Data provided
┏━━

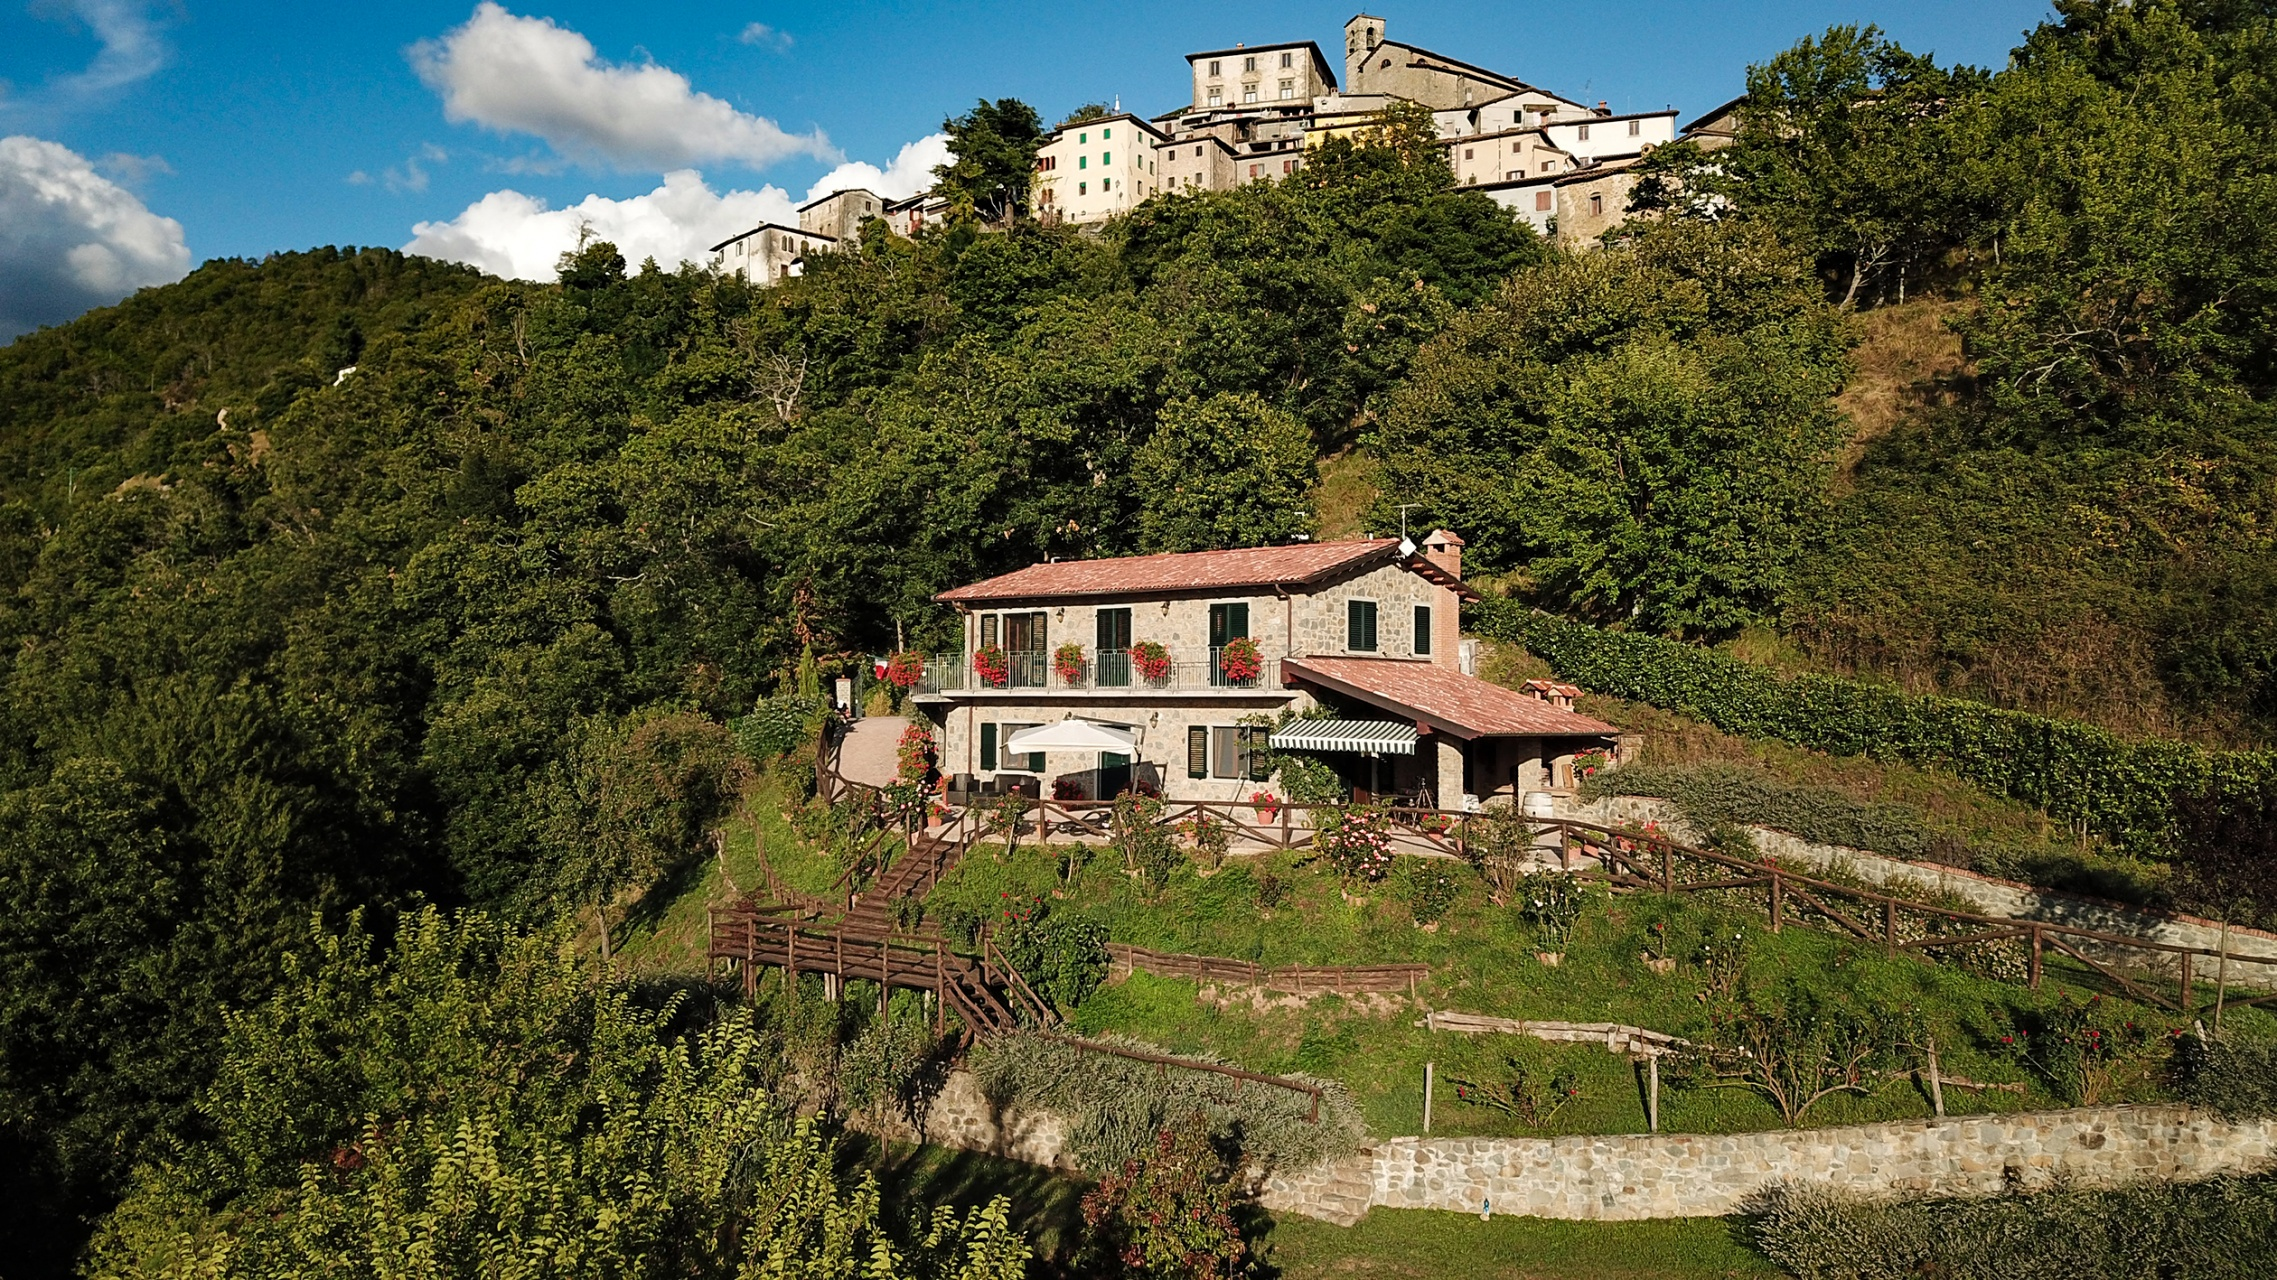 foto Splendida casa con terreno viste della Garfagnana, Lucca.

┗━━
┏━━

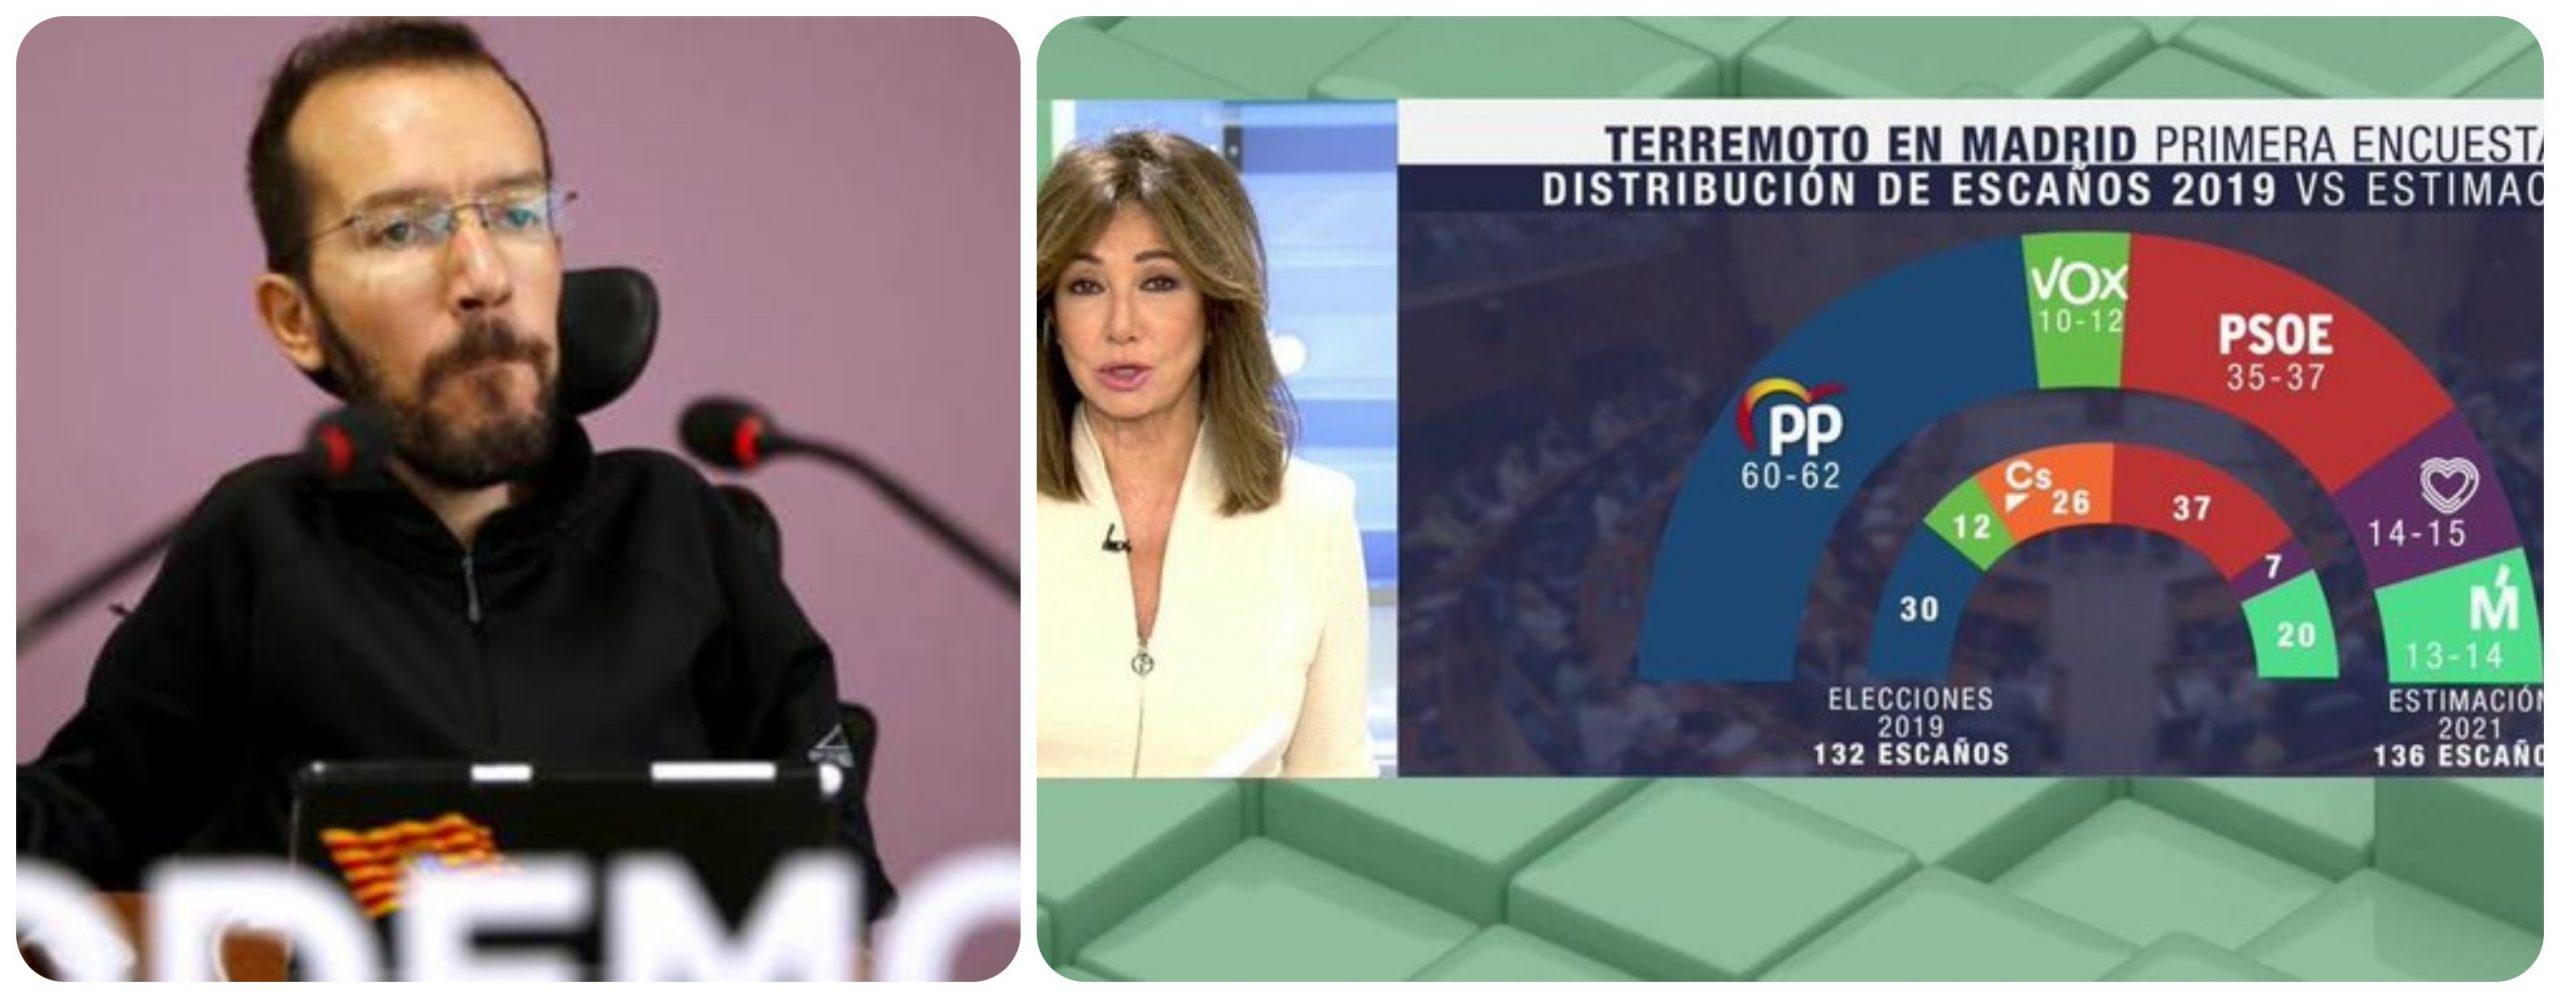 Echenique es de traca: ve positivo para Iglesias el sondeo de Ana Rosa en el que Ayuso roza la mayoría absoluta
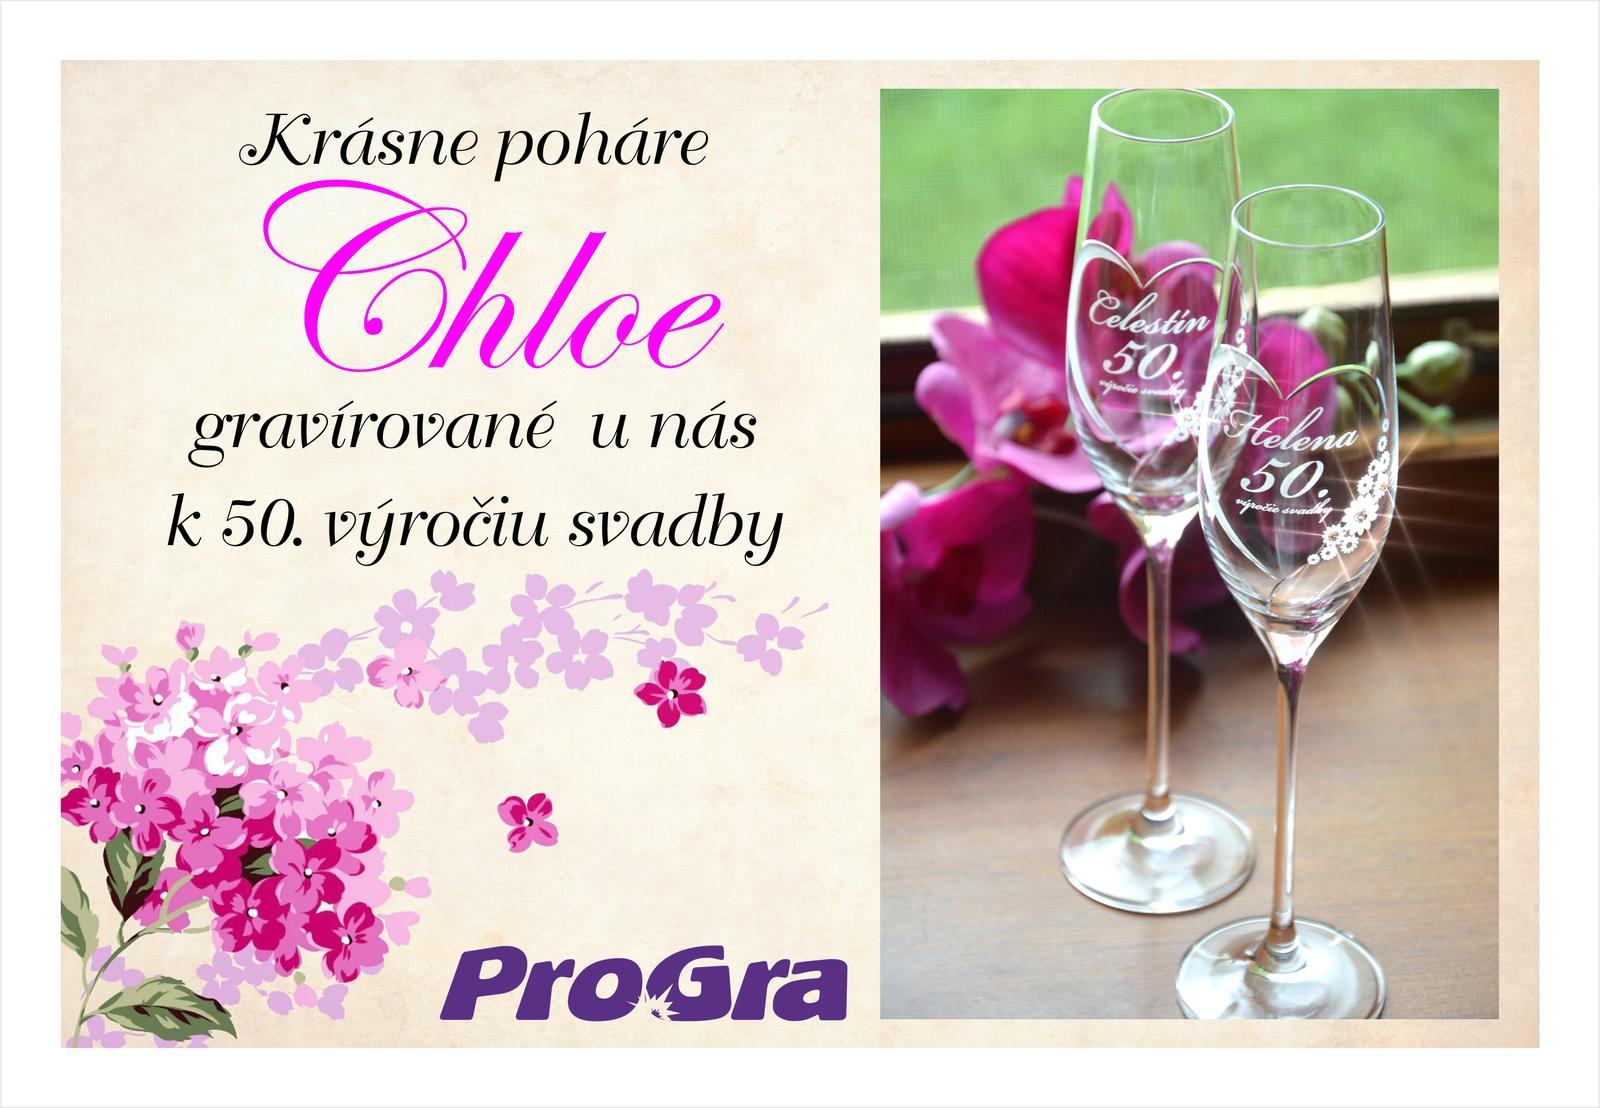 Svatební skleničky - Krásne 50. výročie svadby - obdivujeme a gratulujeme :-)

┗━━

What is required
For this task, return exactly the stretch of the listing above from the line with "Echenique es de" through the line with "Svatební skleničky - Krásne", inclusive and without pictures.

Answer box
 Echenique es de traca: ve positivo para Iglesias el sondeo de Ana Rosa en el que Ayuso roza la mayoría absoluta
 Svatební skleničky - Krásne 50. výročie svadby - obdivujeme a gratulujeme :-)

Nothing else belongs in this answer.